In this perspective, my research focus has been on the biological nitrogen fixation process, by studying the diversity of the rhizobial communities which associate with indigenous South African legumes in the Succulent Karroo biome of South Africa. Previously, I focused on the soil nitrification process, through the assessment of dynamics of ammonia-oxidizing bacteria (AOB) and archaea (AOA) in tropical agro-ecosystems that were managed by the integrated soil fertility management strategies (ISFM, a combination of organic and inorganic soil inputs).

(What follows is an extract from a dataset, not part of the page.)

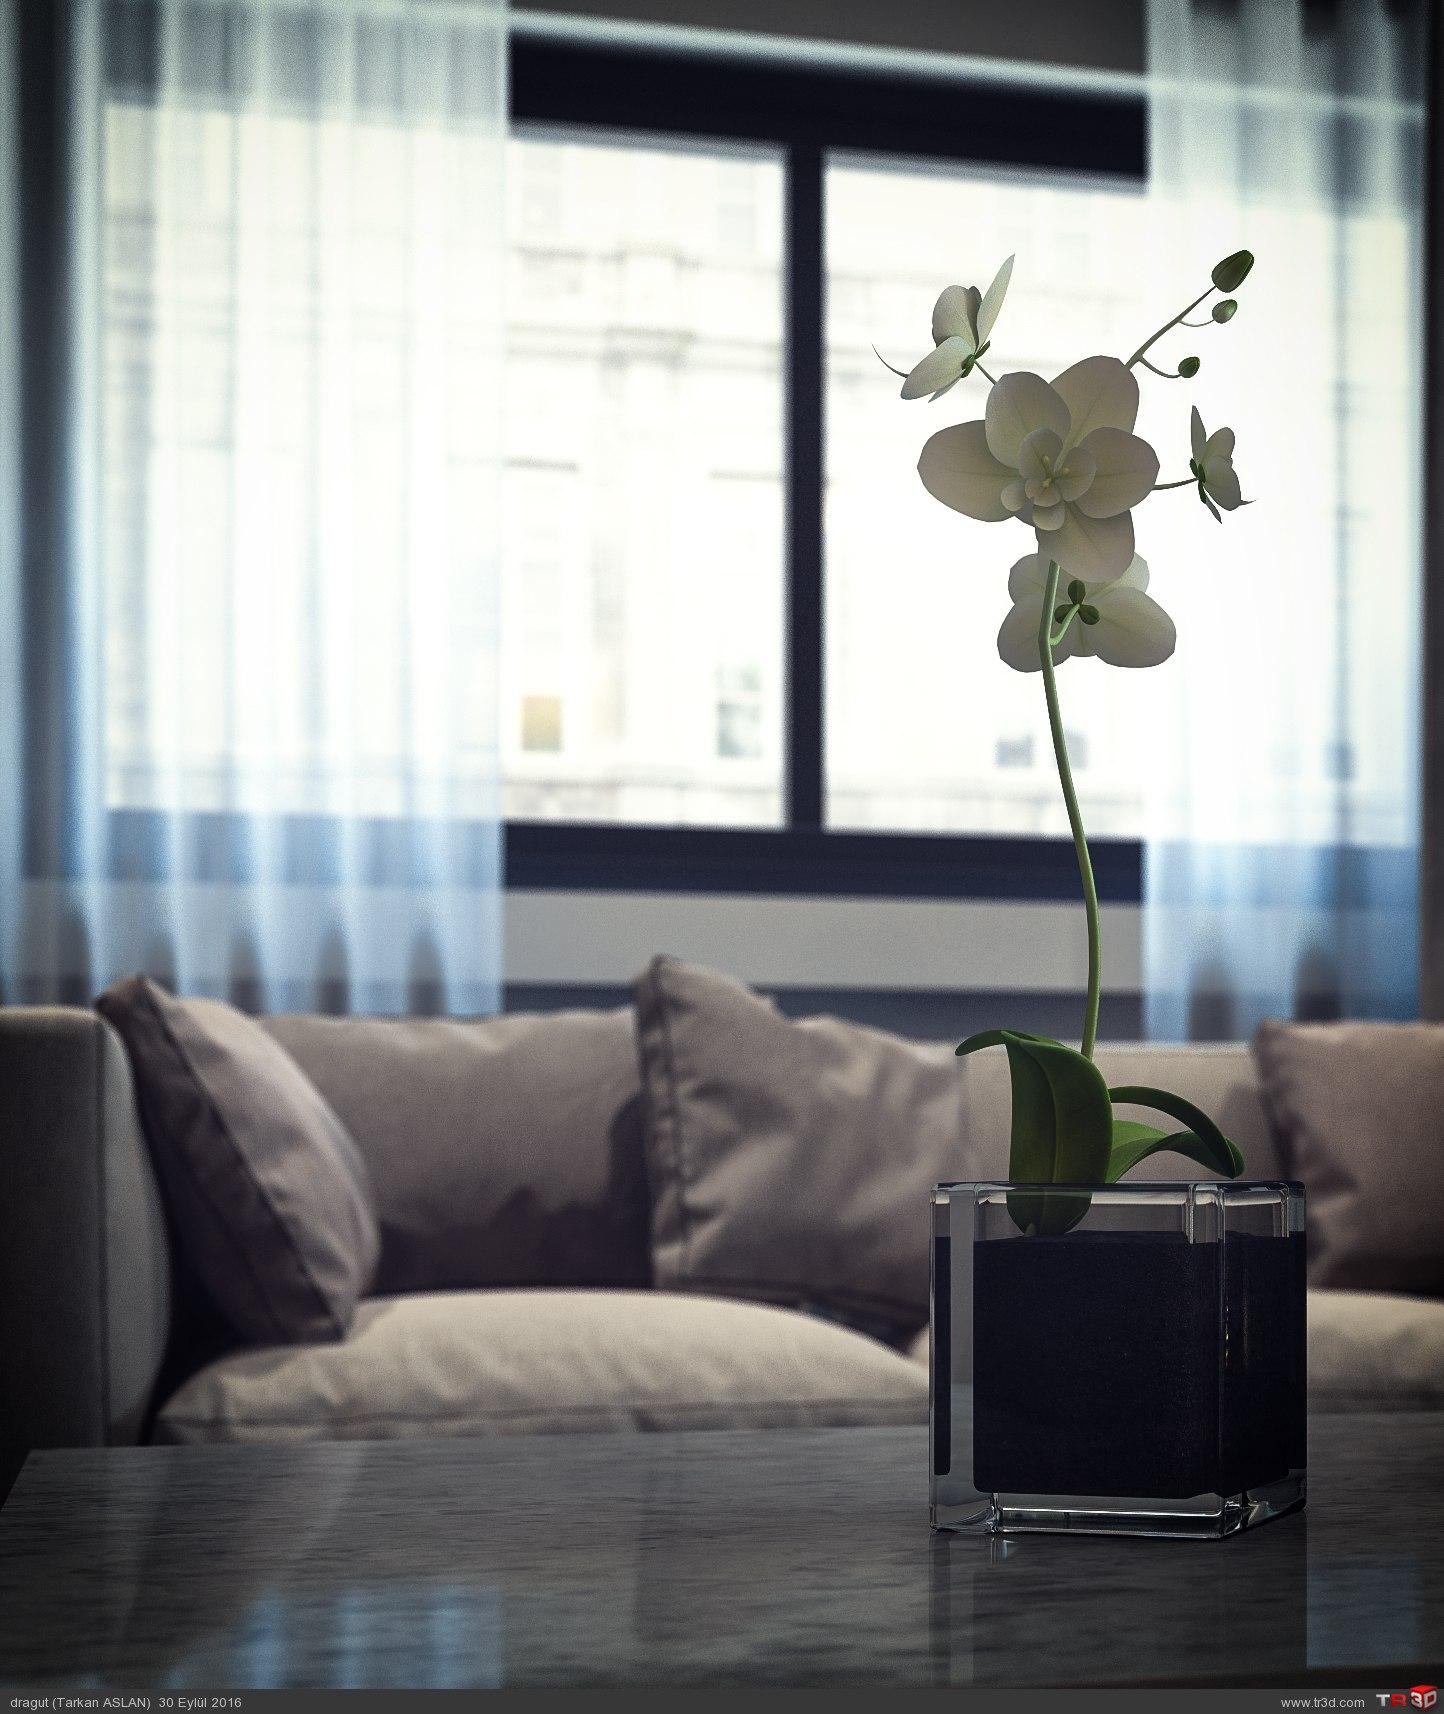 Lounge for New Sofas - Solitudine 1
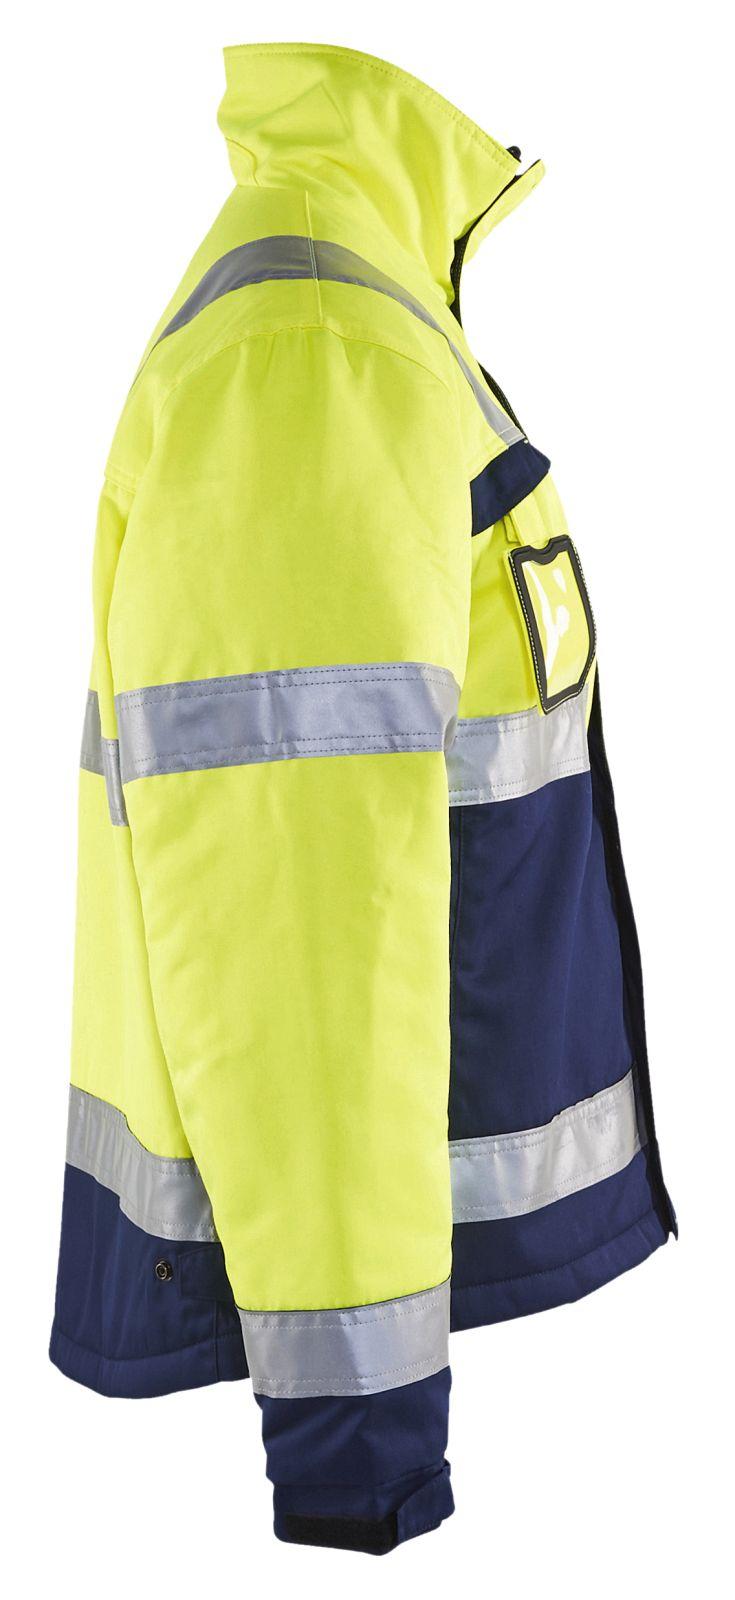 Blaklader Jassen 48621811 High Vis fluo geel-marineblauw(3389)

In addition, I am a member of the Grain Research Program (GRP) through the Centre of Excellence in Plant Health and Biotechnology (CPHB) in FABI, through the Future Leaders-African Independent Research (FLAIR) fellowship to work on ‘the diversity of native rhizobia and comparison with commercial inoculants for chickpea production in South Africa’. In South Africa, chickpea demand is currently increasing however, most if not all chickpea grains are imported. Attempts to introduce chickpea cultivation particularly to small-scale farmers has been faced with the challenge of soil infertility among others. This situation is further worsened by the high cost of synthetic fertilizers, and where applicable, the negative impacts they pose to the environment. On the other hand, animal manures are not adequate and therefore are unreliable, calling for the use of bio-fertilizers. However, the knowledge of the rhizobia nodulating chickpea in South Africa is limited. This research aims to identify the rhizobia nodulating chickpea, select the effective strain/s and compare their performance with the commercial inoculants. This work therefore has the potential for identification of strains adapted to the environment that can be developed as inoculant/s for chickpea production in South Africa.